Vorschau

Auf unseren Reisen haben wir bislang 42 Wolfskinder interviewt und fotografiert. Um Ihnen eine kleine Vorschau zu geben, können Sie hier drei kurze Auszüge aus den Interviews lesen, sowie einige Portraits, Stillleben und Naturaufnahmen sehen.

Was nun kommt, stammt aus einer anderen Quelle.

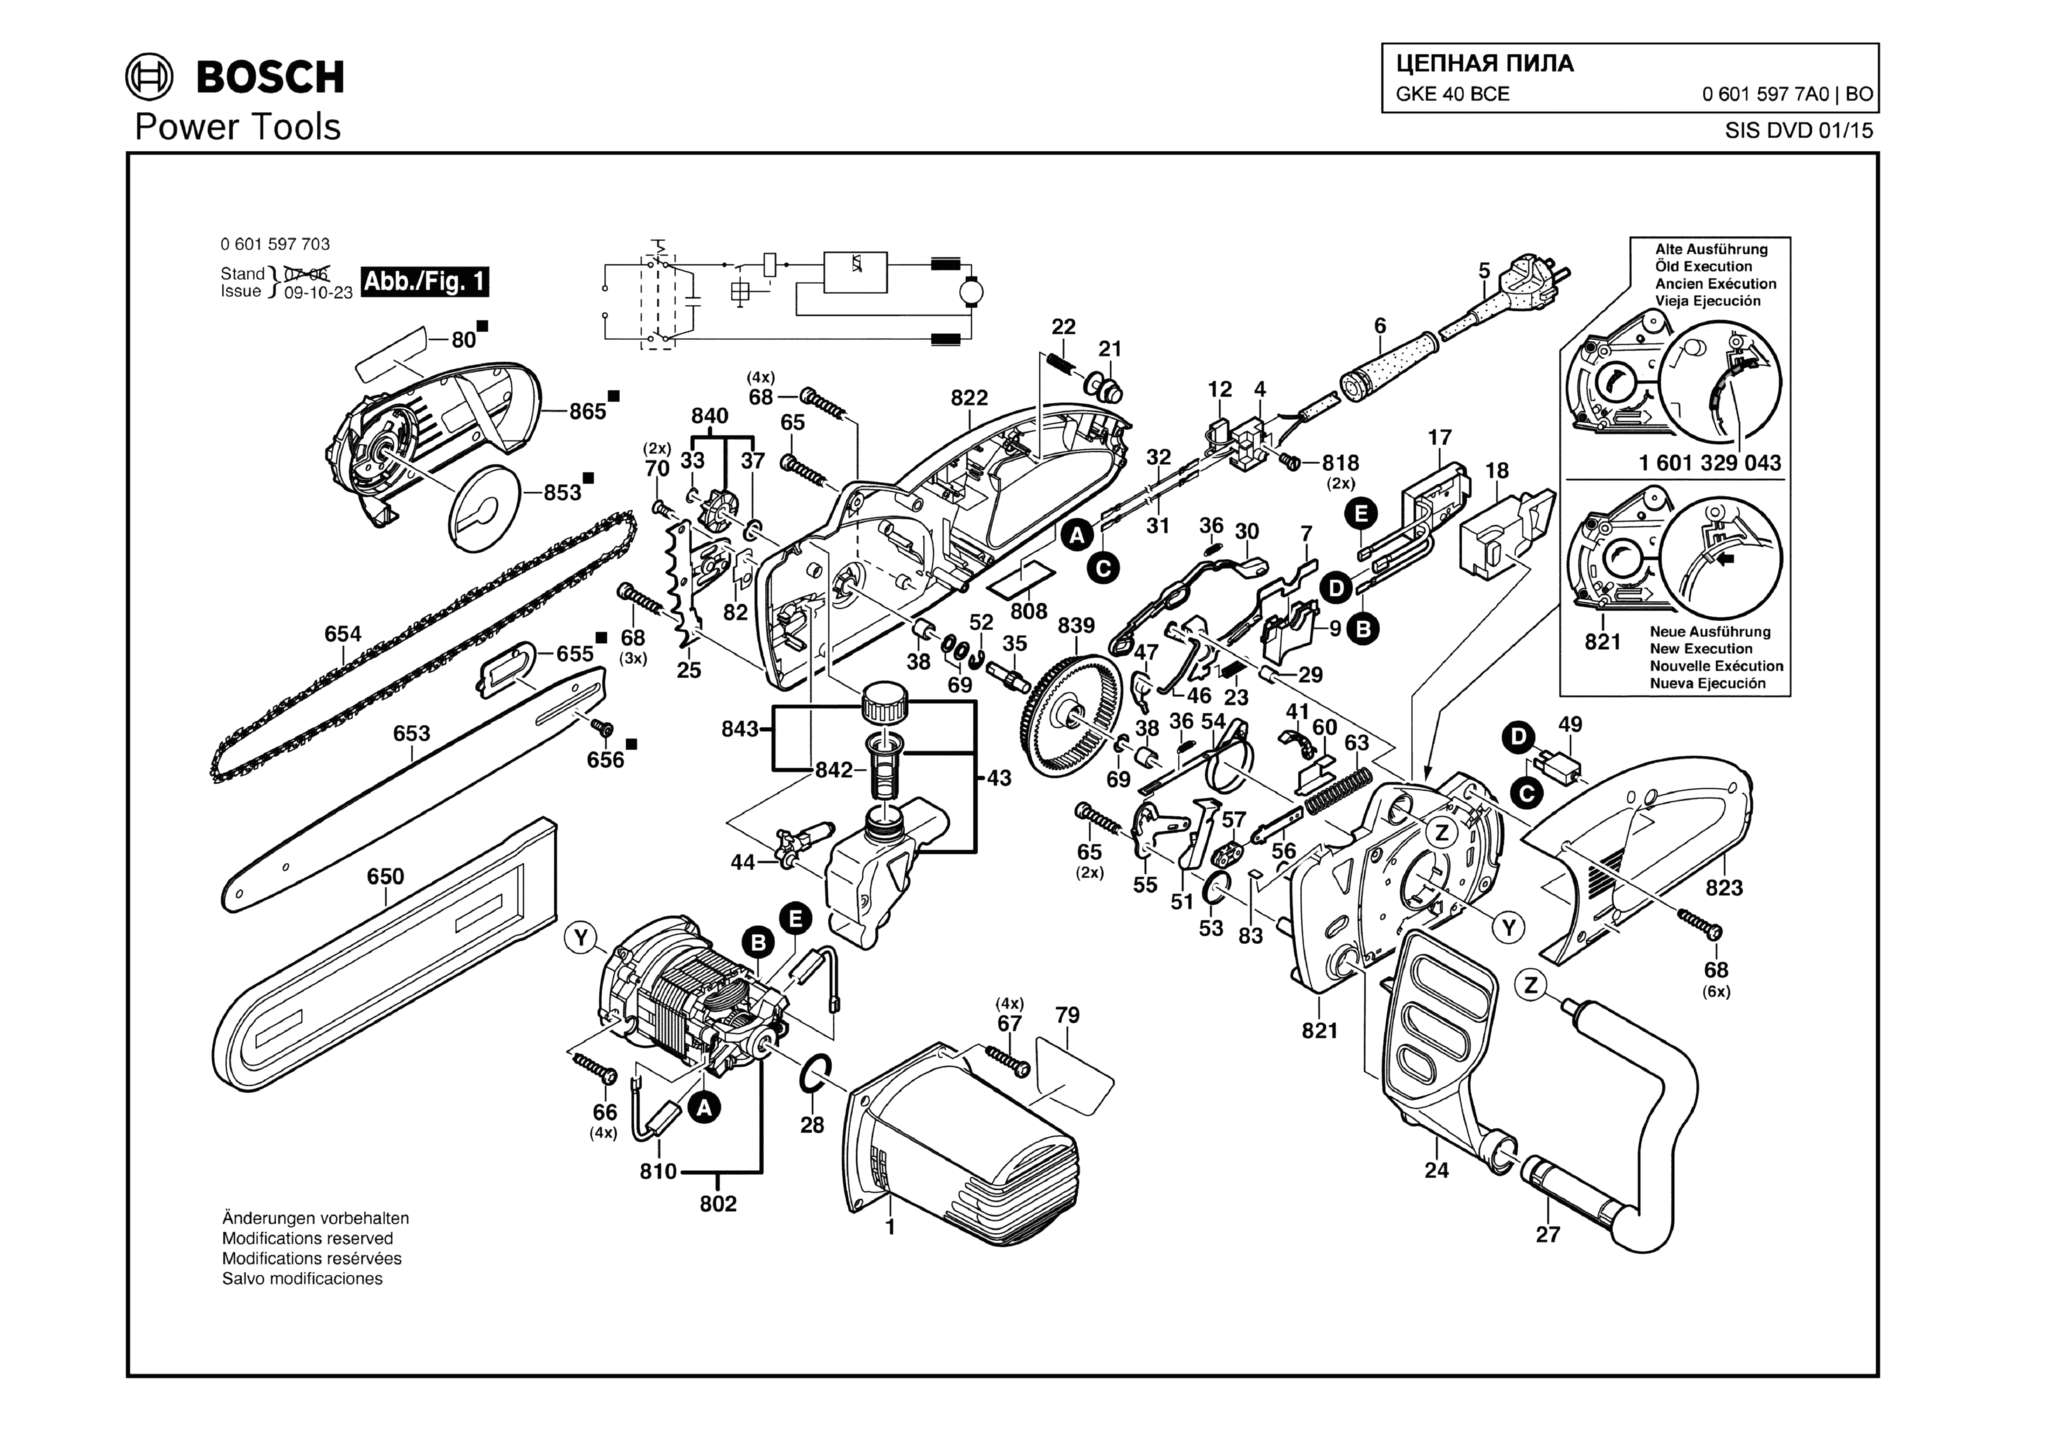 Запчасти, схема и деталировка Bosch GKE 40 BCE (ТИП 06015977A0)

Ewald Bork  *1934 Königsberg

  Ewald on his first schoolday in Königsberg b 

Ich komme aus Königsberg, wo ich 1934 geboren wurde. Dort ging ich auch noch vier Klassen in die Volksschule. Der Vater wurde 1939 eingezogen und danach hörten wir nie wieder von ihm. Mein älterer Bruder arbeitete bei der Post. Als die Russen 1944 kamen, nahmen sie ihn einfach mit und auch von ihm habe ich nie wieder etwas gehört. Mit der Mutter flüchtete ich vor den Bomben aus der Stadt – als wir zurückkehrten lag alles in Schutt und Asche. Danach kam der Hunger. Irgendwie überlebten Mutter und ich zwei Jahre lang. Doch dann wurden wir beide sehr krank. Wir waren beide schwach und elend und am Ende starb die Mutter neben mir im Bett. Sie verhungerte. Da war ich 13 und machte mich alleine auf den Weg nach Litauen.

     

 

 

 

Waltraut Minnt *1936 Uderwangen

Waltraut/ Valerija *1939 Underwangen   

Ich wurde am 7. März 1936 in Uderwangen in Ostpreußen geboren. An den Krieg selbst erinnere ich mich nicht mehr. Nur, dass mein Vater und mein ältester Bruder im Krieg starben. Nach Kriegsende blieben wir mit der Mutter auf dem heimischen Hof bis die Rote Armee kam. Ich war sechs Jahre alt als russische Soldaten an uns vorbei ins Haus liefen, direkt zur Mutter. Dann hörten wir nur noch Schreie – die Nachbarn hielten uns davon ab, ins Haus zu laufen. Als die Soldaten mit ihr fertig waren, waren Stunden vergangen. Weinend und blutig kam sie aus dem Haus. Sie konnte sich kaum auf den Beinen halten und fiel direkt vor einen Panzer, der die Straße entlangfuhr. […] Ich habe meine Mutter verloren, alle meine Geschwister und kam danach in ein Jugendlager in Sibirien. Als ich Anfang der fünfziger Jahre nach Litauen kam, hatte ich Angst vor den Menschen und flüchtete mich oft in die Natur.

 

 

 

Ursula Haak *1935 Birjohlen

Ursula / Uzule * 1935 Birjohle

Nachdem meine Mutter von russischen Soldaten ermordet worden war, waren meine beiden Brüder und ich alleine in der Elchniederung zurück geblieben. Ein Bauer rettete uns vor einer Überschwemmung, die uns sicher auch das Leben gekostet hätte. Als ich ihn fragte, ob wir bei ihm bleiben könnten, winkte er ab. „Geht nach Litauen“, sagte er, „dort wird Euch bestimmt geholfen.“ Ich war zehn Jahre alt und musste mich um meine beiden jüngeren Brüder kümmern. Die hatten ja sonst niemanden mehr. Wir gingen also nach Tilsit zurück, um einen Weg über die Grenze zu finden. Horst, der Jüngste, konnte nicht mehr laufen und wir mussten ihn ständig tragen. Am Ende ließen wir ihn im Stadtpark zurück, weil wir nicht mehr konnten. Dort sollte er auf uns warten bis wir aus Litauen zurück waren. Doch als wir wieder kamen, war er nicht mehr da.